Dear Editors,

As a compulsive, picky, and avid reader, I have been pleased to read in the journal, over the years, novelties in all fields of pathology, a sign of a robust health.

Among these, I just read a well-written and comprehensive review of the chronic fibrosing lung diseases [1]. This field has been revolutionized by single-cell biology techniques [2, 3], hardly a surgical pathologist-friendly topic, and by a lightning-fast preprint flood, rather than manuscripts on peer-reviewed journals.

What struck me, however, was the use in the review of the term “Krebs von den Lungen-6 (KL-6)” for a well-studied biomarker.

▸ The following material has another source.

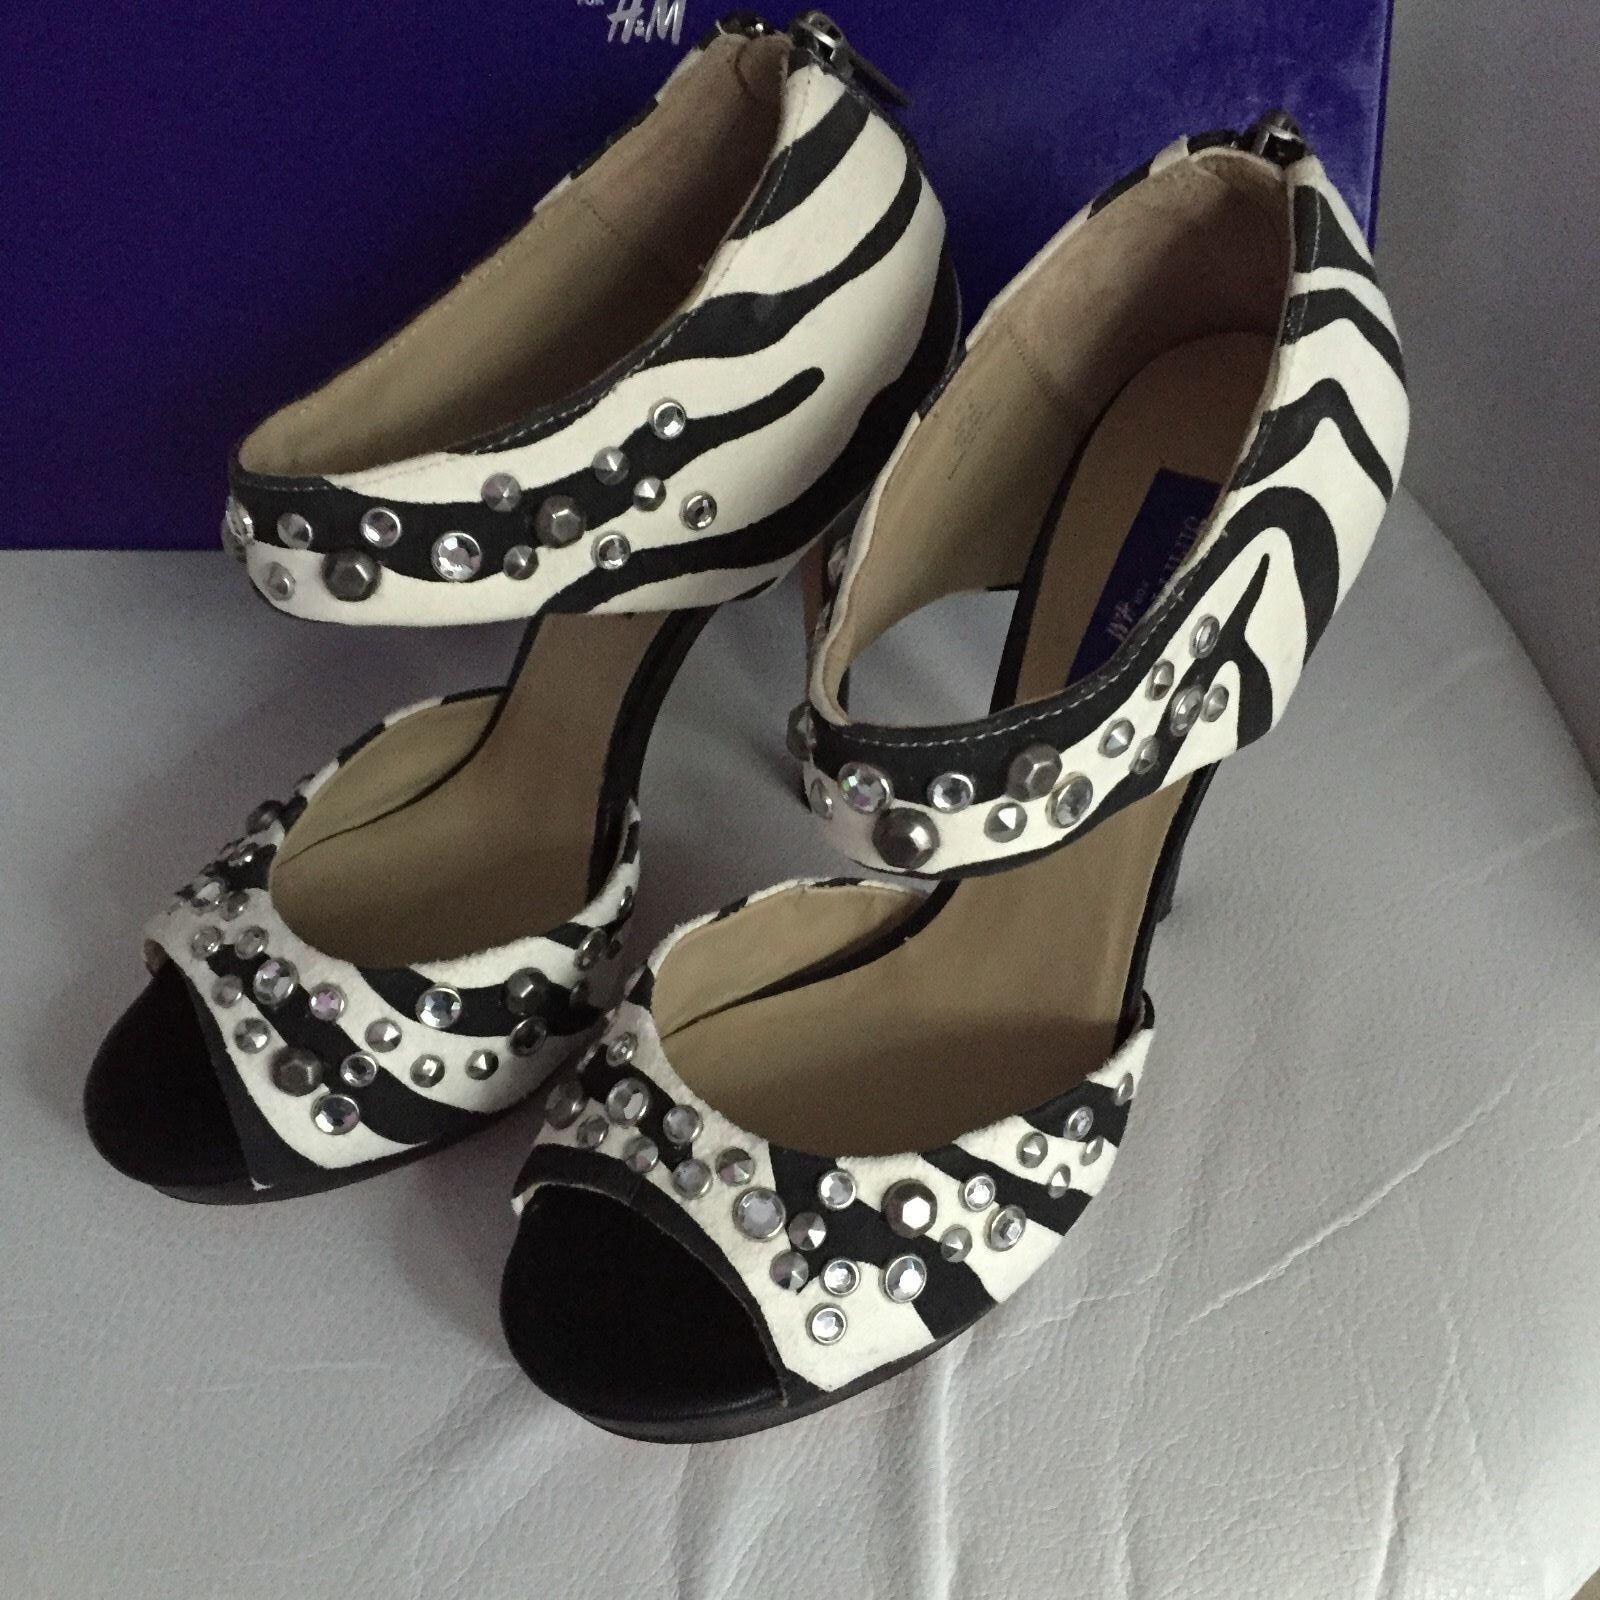 grandi offerte Jimmy Choo For h&m Tacco Alto Pumps EUR TG 39 39 39 Dimensione US 8 Zebra Design Nuovo  negozio online
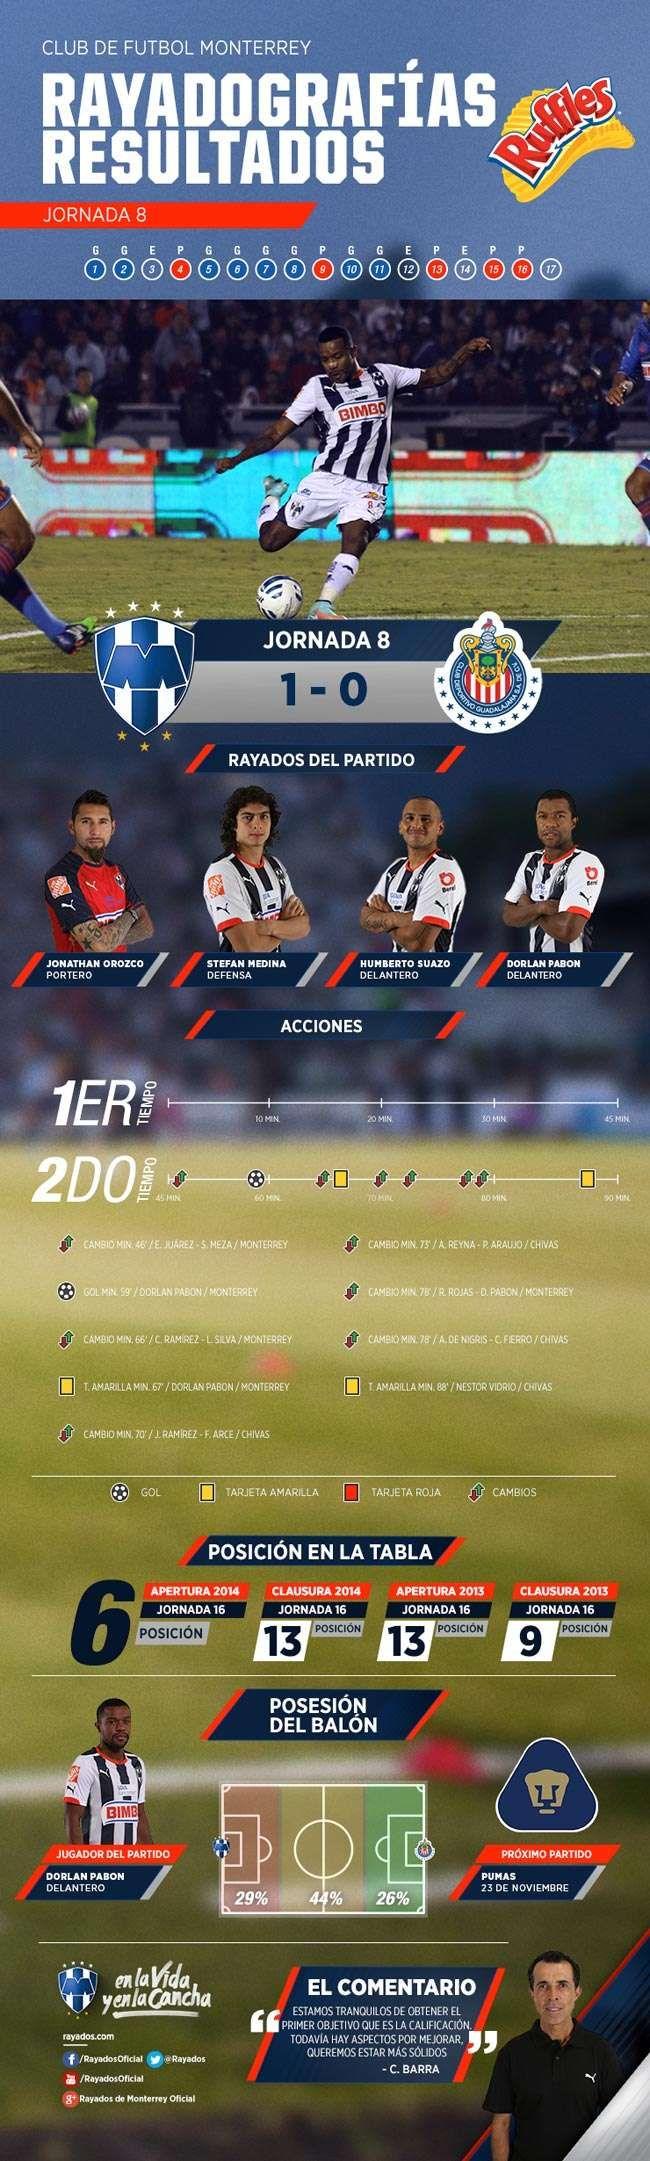 La #Rayadografía post partido del Club de Futbol Monterrey vs. Chivas es presentada por Ruffles MX.  Para ver con mayor detalle la imagen, da clic aquí: http://www.rayados.com/primer-equipo/rayadografia-post-rayados-vs-chivas-por-ruffles,c8f4c562b4b99410VgnVCM5000009ccceb0aRCRD.html

KL-6 is an insular term for an internationally defined and codified protein, MUC1 (Mucin 1) [4]. Other names for MUC1 are epithelial membrane antigen (EMA), Ca15-3, CD227, and etc.

An international effort to define a common nomenclature for leukocyte antigens (human leukocyte differentiation antigens; HLDA), to which I did participate, began in 1982 [5], followed by a similar effort to adopt a common nomenclature for mucins [4] and other molecules. The aim of these initiatives was to implement a standard nomenclature for unique proteins over multiple independent assays and research fields. Nobody these days uses Leu2 for CD8; analogously, one should not use KL-6 for MUC1 or, at least, reference in parenthesis the designed standard name.

I believe that pathology journals should join the efforts, spearheaded by more generalistic journals, to enforce the use of such standard nomenclature, in order to favor cross-field research, comparison, and immediate recognition of unique entities. The future of pathology in a rapidly evolving “multi-omic” scientific field, as shown by the forceful entrance of single-cell transcriptomics in lung fibrosis, is at stake.